Imtesty,

Thanks for posting that article. It provides a great example of two different types of BET inhibitor selectivity: Bromodomain (BD)-selectivity and BET protein selectivity. BET proteins (i.e. BRD2, BRD3, BRD4 and BRDT) each contain two BDs (BD1 and BD2). Figure 6A of the Cell paper shows the binding affinities of different BET inhibitors for BD1 and BD2 of two different BET proteins: BRD2 and BRD4. They compare two novel BRD4-selective BET inhibitors, ZL420 and ZL454, against the pan-BET inhibitor JQ1 and the BD2-selective BET inhibitor apabetalone (aka RVX-208). 

One type of selectivity is BD-selectivity. Apabetalone is a BD-2 selective BET inhibitor that binds BD2 with greater affinity than BD1. Within the same BET protein molecule, apabetalone will bind BD2 more strongly than BD1. However, apabetalone does not seem to discriminate amongsts BRD2-BD2, BRD3-BD2, BRD4-BD2 or BRDT-BD2. The Picaud et al 2003 PNAS paper details this lack of BET protein selectivity. Resverlogix and/or Zenith have also mentioned in previous presentations that they have BD1-selective inhibitors in their library too. Also recall that Resverlogix/Zenith have another published BD2-selective compound (RVX-297) that is effective for acute inflammation and auto-immune disorders. To my knowledge, only one other company has a BD-selective BET inhibitor in clinical trials. Abbvie has ABBV-744, a VERY BD-2 selective BET inhibitor, in clinical trials for onocology. However, not all BD2-selective BET inhibitors are created equal. Different inhibitors can have different structures, bind to different regions of the BD acetyl-lysine binding pocket, elicit different conformational shifts in the BET protein upon binding, have different affinities for BD2 vs. BD1 and have different pharmacokinetic/tissue distribution properties. In other words, different BD2-selective inhibitors may have significant or very little overlap in the tissues exposed, genes/proteins modulated, and diseases affected. 

The other type of selectivity is BET protein selectivity. BRD2, BRD3, BRD4 and BRDT are all BET proteins that each contain a BD1 and a BD2. ZL420 and ZL454 are novel BRD4-selective inhibitors that bind BRD4 with much greater affinity than BRD2. I'm not sure if they tested for BRD3 or BRDT. However, ZL420 and ZL454 bind both BD1 and BD2 of BRD4 with high affinity; they do not seem to have BD-selectivity. As mentioned above, apabetalone does not seem to have BET protein selectivity, but it does have BD-2 selectivity.
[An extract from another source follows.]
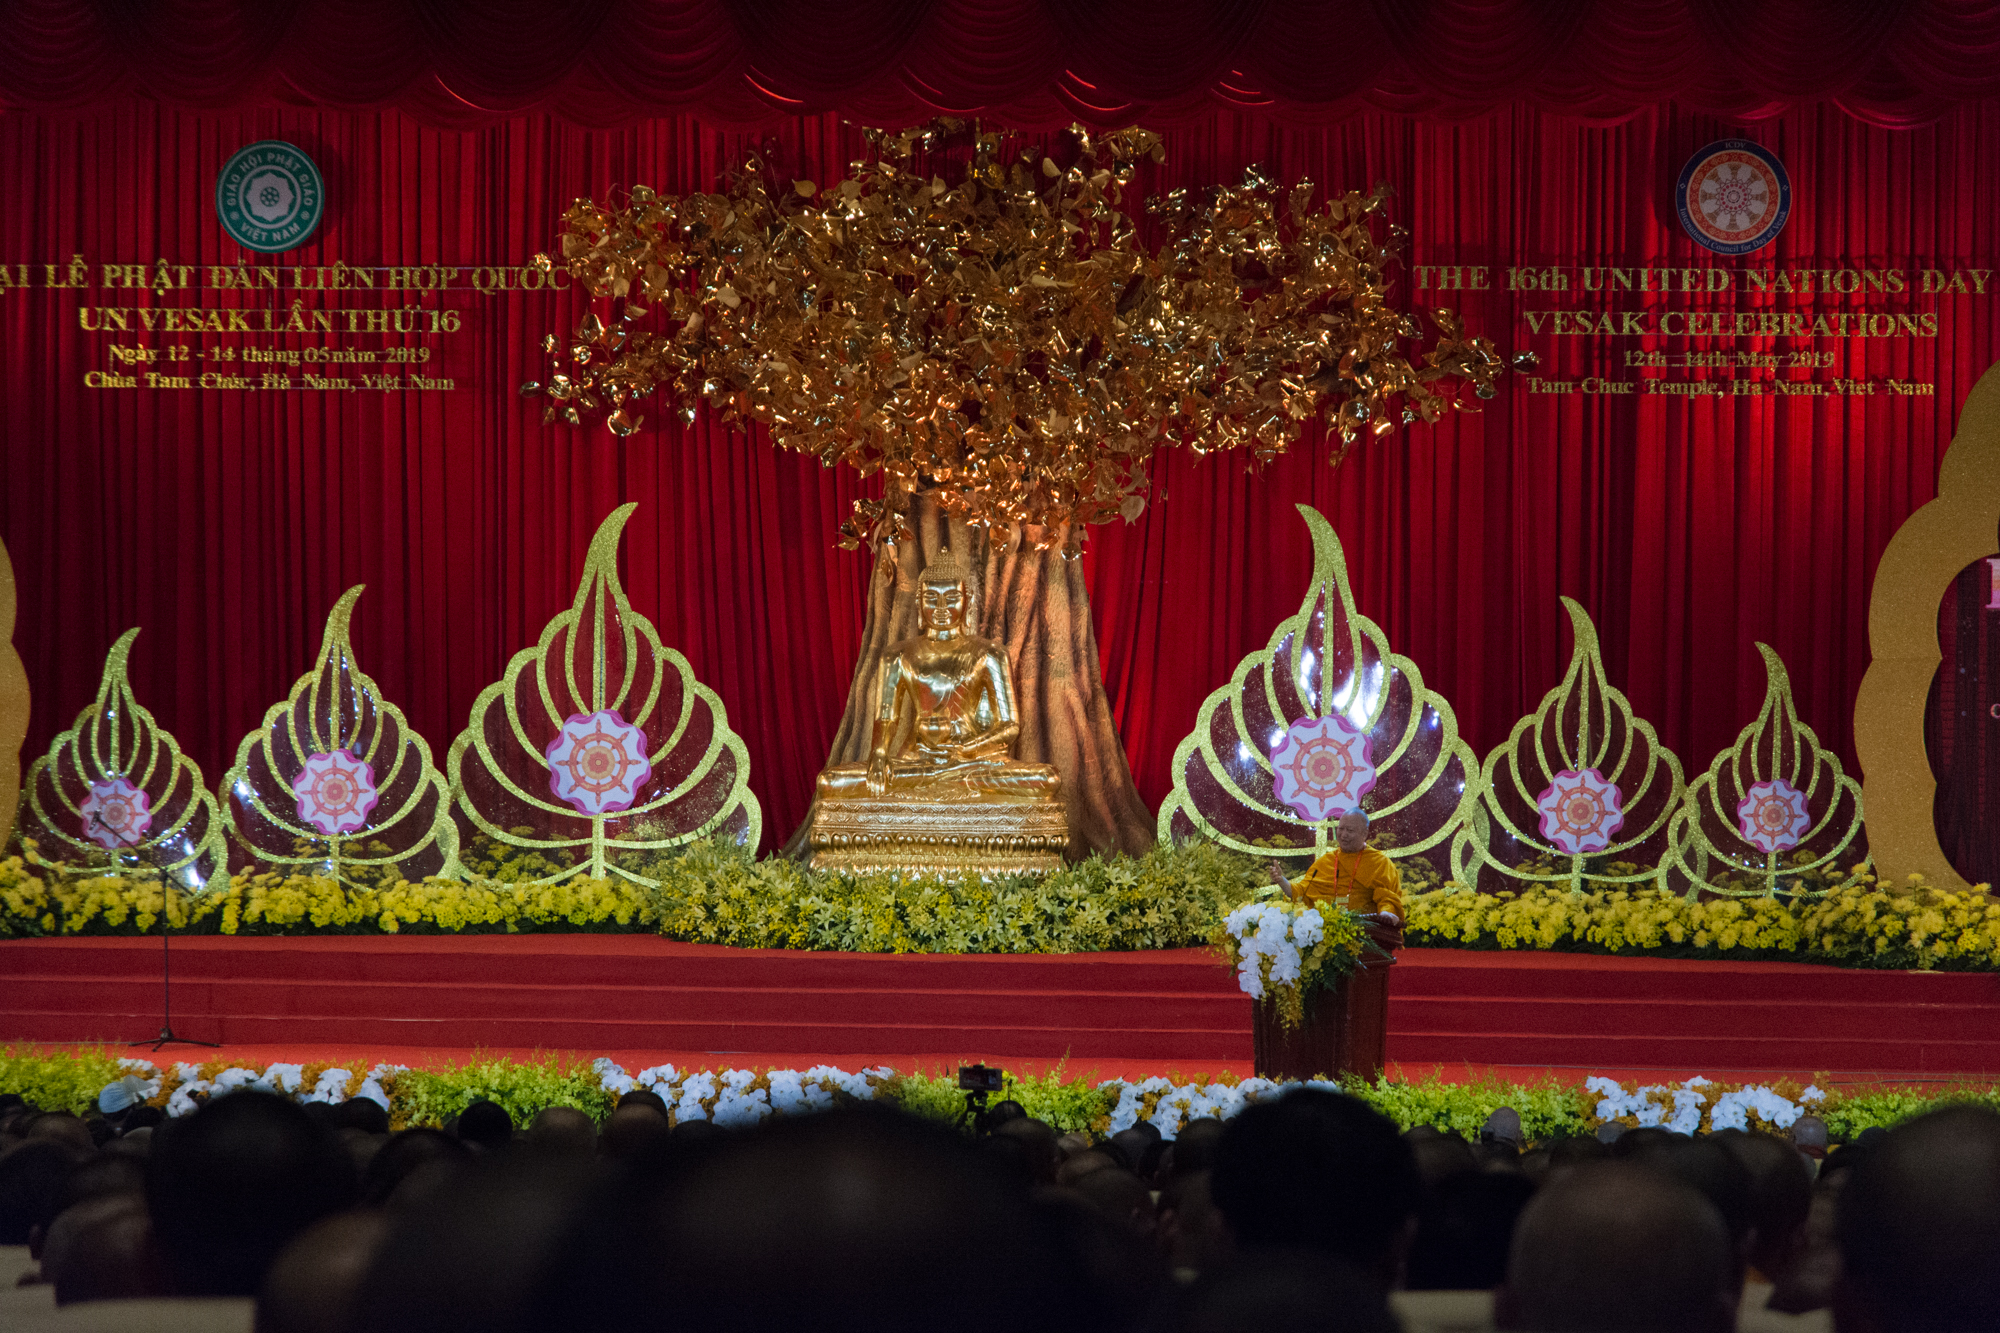 Az Egyház és a Főiskola delegációja a magyarországi vietnami buddhista közösség képviselőivel részt vett a Ha Nam tartományban megrendezett ENSZ Vészák ünnepségen.

Pan-BET inhibitors are not selective. A pan-BET inhibitor like JQ1 binds with equal affinity for either BD1 or BD2, and bind equally well to different BET proteins. In other words, pan-BET inhibitors like JQ1 as well as Zenith's ZEN-3694 and pretty much every other BET inhibitor in oncology with the exception of ABBV-744 bind and inhibit without selectivity to either BD1 or BD2, and without selectivity for a specific BET protein.